In other words: it’s a straight-up guilt-trip, made for the kind of bourgeois audiences who do things like bother watching the films nominated for Best Short Documentary at the Oscars, or even better the people who nominate films for said award. As such, I hardly think you can deny that there’s a hint, or much more than a hint, of bald-faced exploitation going on here, though at least Hunger Ward remains tactfully removed from its tiny, fragile subjects enough that it’s never crass, much like Fitzgerald’s last Oscar nominee, Lifeboat in 2018, cares more about observing than editorialising. Still, there’s an awfully fine line between trying to raise awareness and simply wallowing in the emaciated bodies of brown children for the sheer pleasure of giving complacent Western whites a good jolt of prurient sadness, and Hunger Ward making an awfully big show of dancing right on the edge of that line. Like, obviously, yes, if you’re in a position to contribute to the material welfare of Yemeni children, it’s a good thing to do (and I have no idea, to be clear, if the charity Hunger Ward promotes is actually a good way to do that); and I’ll even give the film props for being the only one of these five movies to have a solid narrative construction built around two well-defined protagonists, rather than a pile of footage dumped artless atop us. But there’s really no shame in skipping this one.

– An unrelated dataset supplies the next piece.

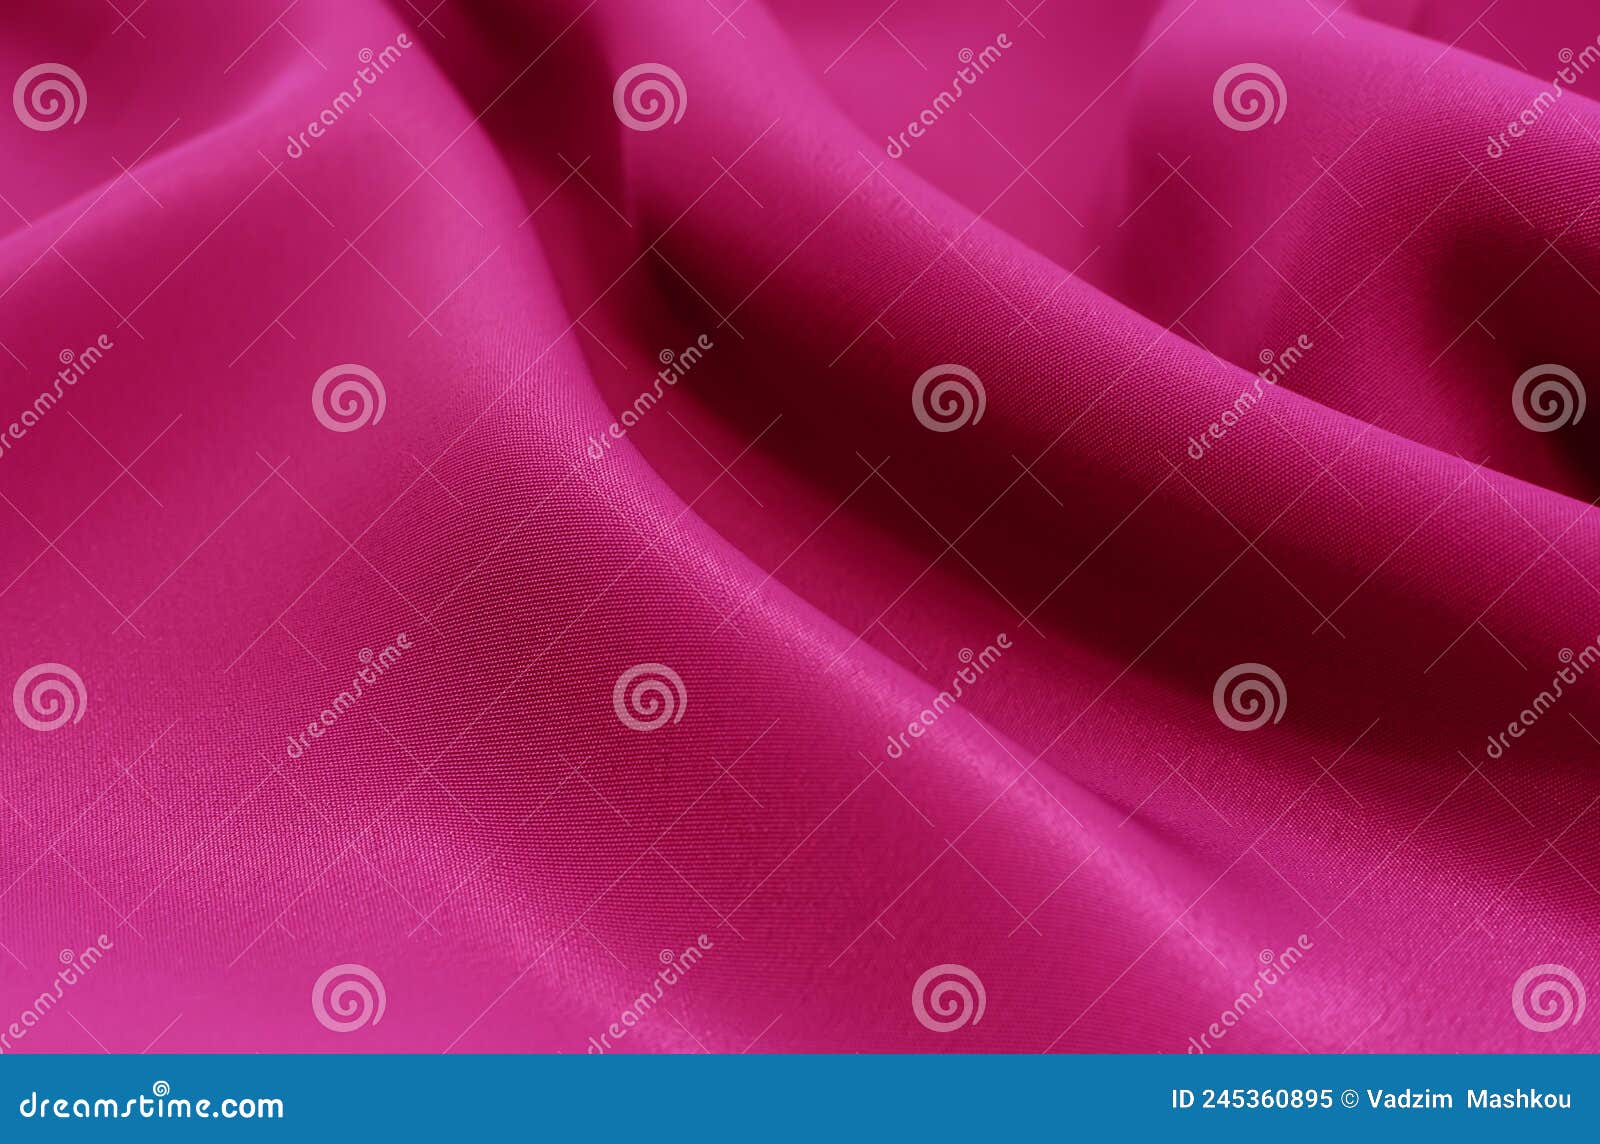 Fondo de textura de tela roja patrón arrugado de seda o lino

(Available on Pluto TV and elsewhere)

A Concerto Is a Conversation (Ben Proudfoot and Kris Bowers, USA)

No doubt it comes from a sincere place: composer Kris Bowers, probably best known for scoring the 2018 film Green Book and the 2020 television series Bridgerton, is premiering a new concerto at the Walt Disney Concert Hall in Los Angeles, and in preparing for doing so, he is struck by a certain degree of proud self-doubt that, as an African-American man, he “belongs” in the white world of classical music. So he sketches out a little history by chatting with his grandfather, Horace Bowers Sr, about the generational struggle to succeed in the face of oppression and racism.

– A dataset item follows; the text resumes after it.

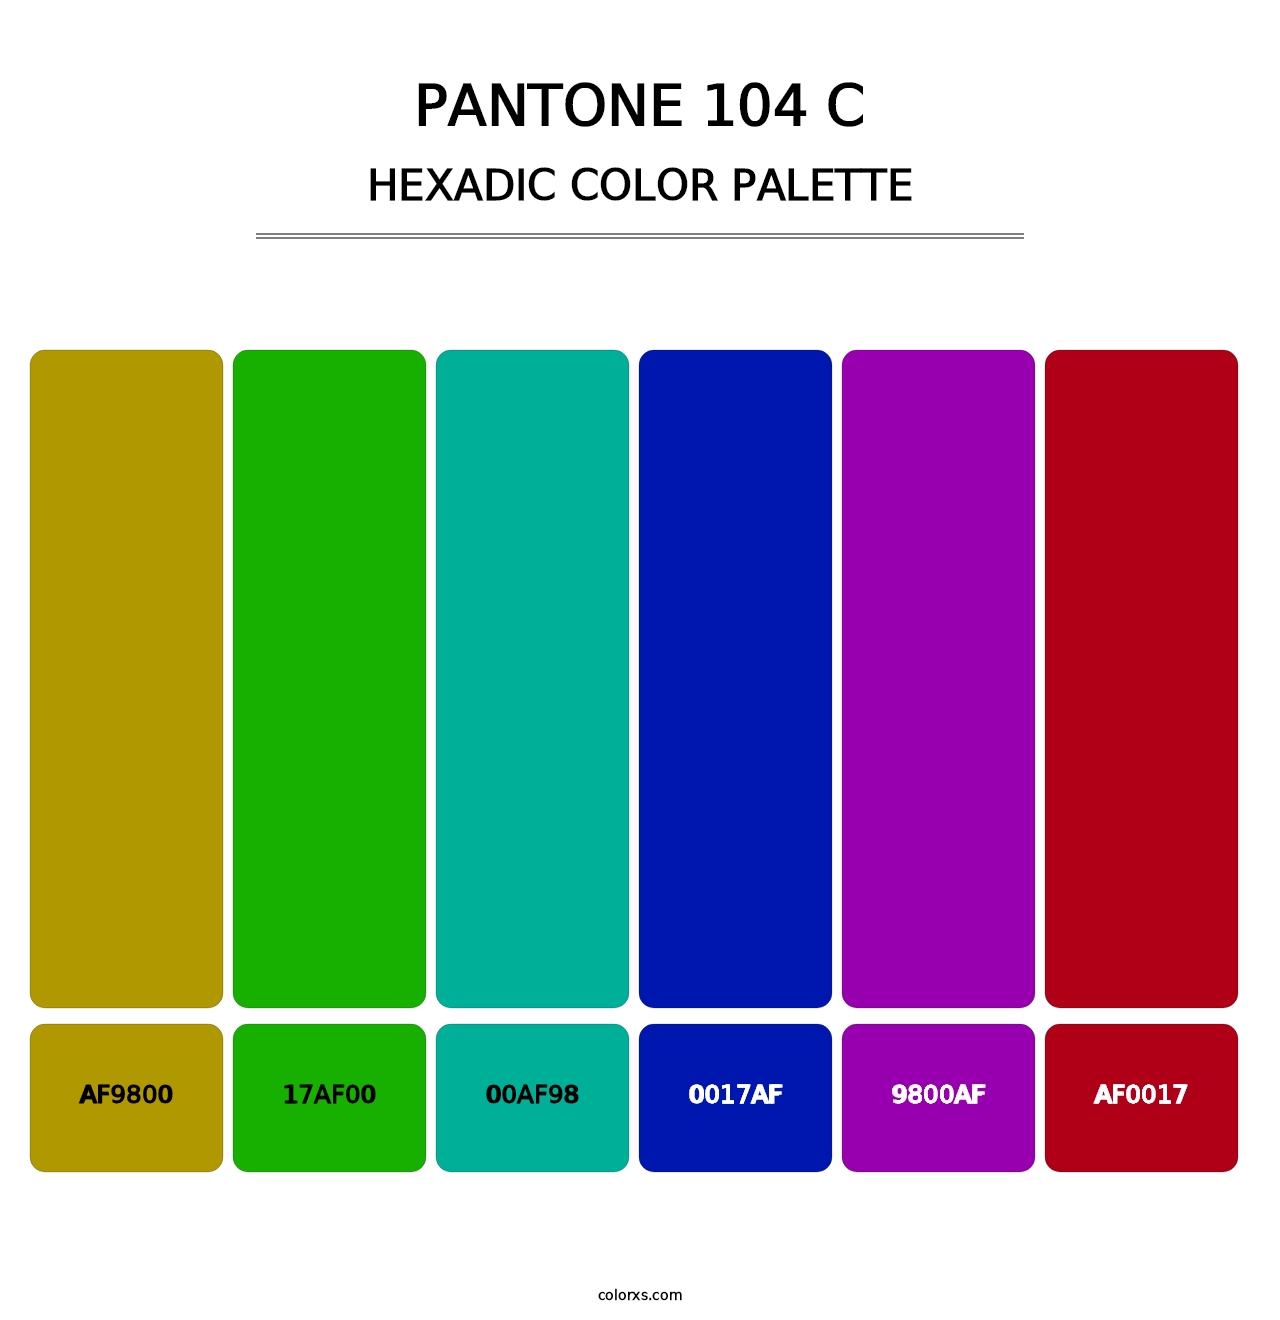 PANTONE 104 C - Hexadic Color Palette

That’s all well and good, and Horace, recently diagnosed with cancer and amply in the mood to do some reflecting, is a miraculous interview subject, ready with stories and ideas about the changing culture around him throughout his long life. This does not prevent A Concerto Is a Conversation from being just disastrously ill-made. To begin with, while I’ve just sketched out a pretty straightforward thematic throughline, I’m doing a lot more of the work to make that clear than the film is: it’s so slight at 13 minutes that it can’t even find room to make connections itself, and so just spins out anecdotes, and hopes for the best. That’s bad. Even worse, it is horribly edited, with the conversation between grandfather and grandson taking the form of very tight close-ups on each of their faces, centered in frame and pinned in an excruciatingly shallow focus, as they stare directly  into the lens. And it ping-pongs between these shots with arrhythmic jagging that seems impossible to come someone who has to think about rhythm as a function of composing music, as Bowers does. In particular, whenever he acknowledges something his grandfather says or interjects, his face cuts in curtly, leaving microscopic little hiccups in the ambient sound and killing the lingering echoes of words. It’s very nearly unwatchable. And to be fair, this isn’t the only thing the film does – it uses photographs, old home movies, stock footage of Kris’s rising career, and so on – and that’s at least worked into the film with banal neutrality. But the absolute best that can be said for the heart-to-heart that gives the film its soul is that it feels very much like a profoundly unsatisfying and technically not-quite-there Zoom call, with unusually polished lighting and cinematography, and my God, as down as I’ve been on 2020, it was worse than I thought if we’re to the point that we’re pursuing that as an aesthetic.